Она постучала. Никакой реакции. Потом громче.
Песня выключилась, дверь распахнулась — Мирек стоял в одних шортах, голый по пояс, и Лара воровато отвела взгляд.
— Очень громкая музыка, — объявила она. — Мне мешает.
Лара решила не заморачиваться и говорить с ним на русском, тем более что он её вроде понимал.
— А мне нравится, — пожал плечами Мирек.
— А мне нет, — Лара начинала злиться. — Пока мы живем в одном пространстве, ты должен думать не только о себе.
— Так ты остаешься? — оживился Мирек.
— Вы! — сжав зубы, напомнила ему Лара.
— Вы остаешься? — невинно захлопал зелеными глазами Мирек и красиво потянулся, играя мышцами, от чего Лара неожиданно пришла в бешенство.
— Веди себя нормально, — прошипела она. — И обращайся ко мне на «вы» — я все-таки твой преподаватель!
— Не могу, — тихо выдохнул Мирек и уставился на её губы. Первый раз в жизни Лара ощутила на себе чужой взгляд так остро. Он будто касался её — сильно, уверенно, волнующе. Будто целовал, хотя по факту не делал ничего: просто стоял и смотрел. Черт, такие взгляды надо официально запретить, они еще опаснее, чем прикосновения.
— Три правила, — проговорила Лара внезапно охрипшим голосом. — Первое — никакой громкой музыки, второе — нижняя полка холодильника моя, и третье — пол моем по очереди. Согласен?
— Согласен, — усмехнулся Мирек. — Я на все согласен.
И тут Лара совершила ошибку: взглянула ему в лицо. И застыла. Зрачки Мирека хищно расширились, чернота затопила прозрачную зелень радужек, а там — в этой темной глубине — полыхало сильное и однозначное желание. От которого делалось страшно.
Дернув головой, Лара с усилием отвела взгляд: будто вырвалась из плена.
— Ну вот и решили, — пробормотала она, еле ворочая пересохшим языком. — Всего хорошего.
И почти бегом бросилась в свою комнату. Мирек крикнул ей что-то вслед на чешском, но она не разобрала слов.
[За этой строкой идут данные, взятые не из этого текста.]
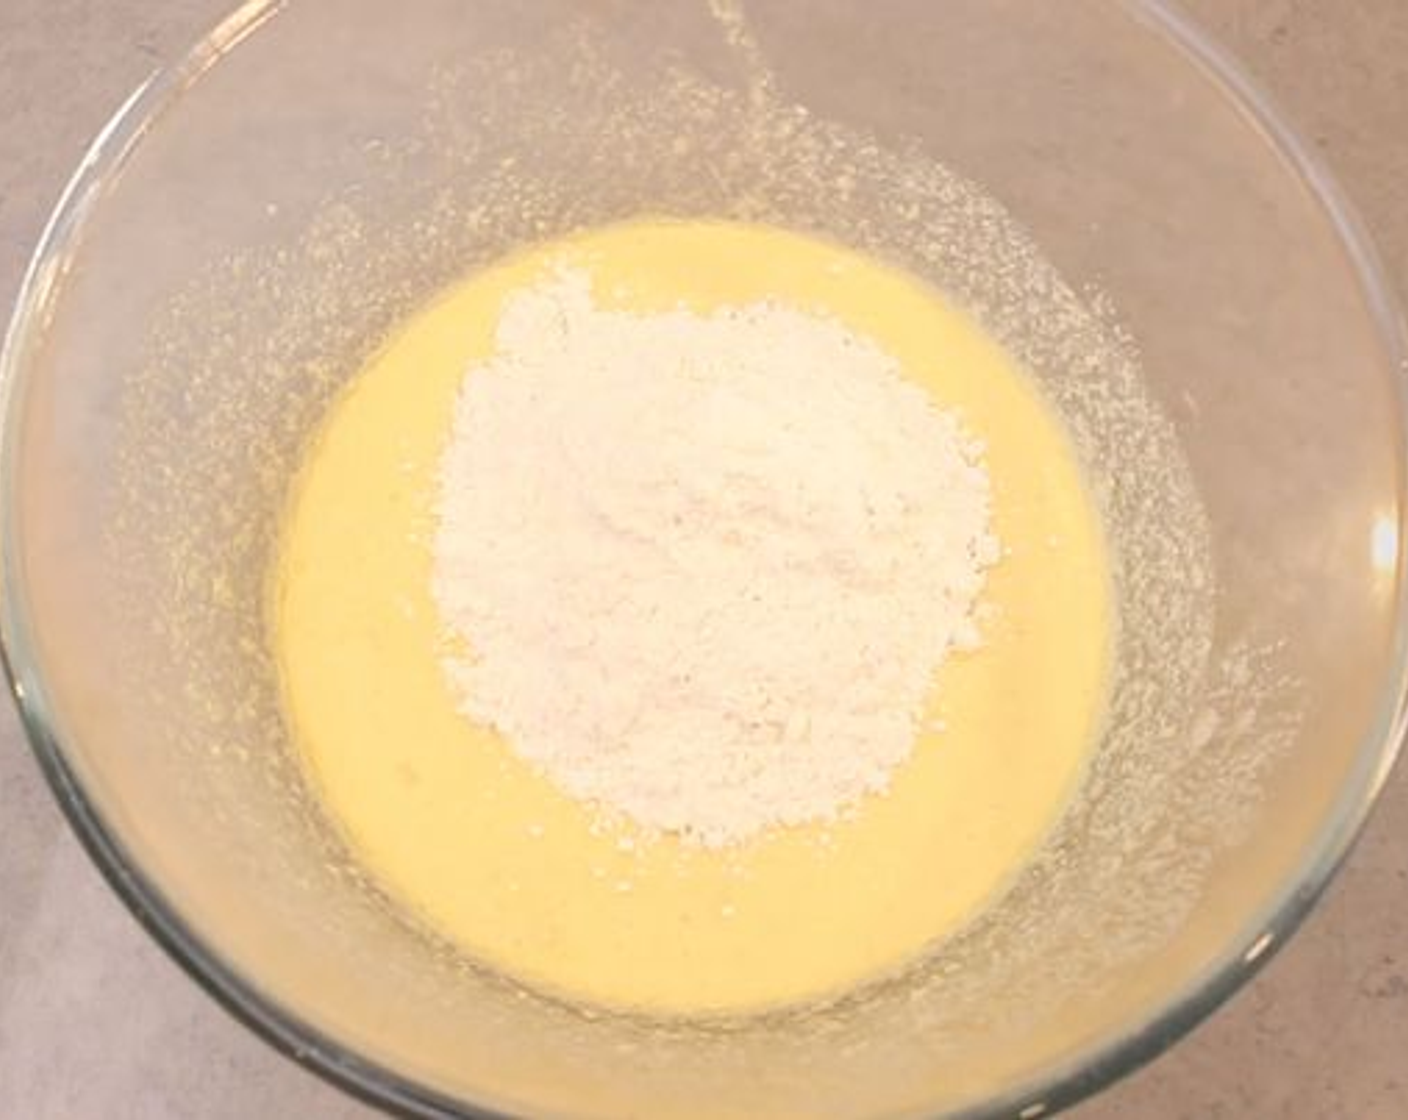 step 2 Into a large bowl add the Caster Sugar (1/2 cup) and Eggs (3) and then whisk until pale and creamy. Then add the Butter (1/4 cup) and whisk that in, now add the Vanilla Extract (1 tsp) and Self-Rising Flour (1/3 cup). Incorporate the flour well until you have a smooth cake batter consistency and then pour the batter into a greased pie dish.

Уже оказавшись у себя, Лара обессиленно упала на кровать и закрыла лицо руками. Она не была уверена, что сделала правильный выбор, оставшись здесь.
* * *
Сначала было неловко до безумия. Неловко завтракать, неловко ходить в душ, а про поход в туалет и говорить нечего. Именно поэтому Лара старалась все это проворачивать в те моменты, когда соседа не было дома. Первые дни у неё получалось вообще не сталкиваться с Мирком: для этого она постоянно прислушивалась к тому, что происходит за стеной, а если вдруг хлопала соседская дверь — тут же скрывалась в своей комнате. К концу первой недели совместной жизни Лара выучила его расписание, и стало легче.
С утра до занятий Мирек всегда уходил кататься примерно на час. Она как раз успевала умыться и позавтракать. Потом он возвращался и принимал душ (Лара в это время убегала на работу, всегда почему-то густо краснея от шума воды за закрытой дверью ванной) и тоже уходил на учебу. В университете они оба вели себя подчеркнуто нейтрально: Мирек перестал быть возмутителем спокойствия на её занятиях, и Лара перестала к нему цепляться.
Тонда недоумевал: чтобы его друг добровольно отказался от покорения девушки, которая втемяшилась в его упрямую башку? Никогда такого не было. Что-то здесь нечисто. Но Мирек молчал, как партизан, ни словом не обмолвившись о том, что с недавнего времени эта самая девушка ночует в соседней с ним комнате. И уж, конечно, не стал рассказывать Тонде о том, что спит он с тех пор отвратительно, что от запаха Лариного геля для душа у него стойкая эрекция и что столько он не дрочил даже в подростковом возрасте.
Возвращался Мирек в общежитие около четырёх, да и то не всегда. Чаще всего уезжал куда-то со скейтом, а Лара в это время спокойно готовилась к занятиям. И когда вечером слышала, что Мирек вернулся, старалась уже больше на кухню не выходить. Только если в туалет прошмыгнуть мышкой.
И все же иногда они пересекались. И эти мгновения общения напрягали Лару сильнее всего, потому что в них Мирек внезапно был совсем другим. Не таким, как в аудитории. Иногда казалось, что наглый прищур и презрительную полуулыбку он надевает только перед выходом из дома — как и свою любимую чёрную бейсболку.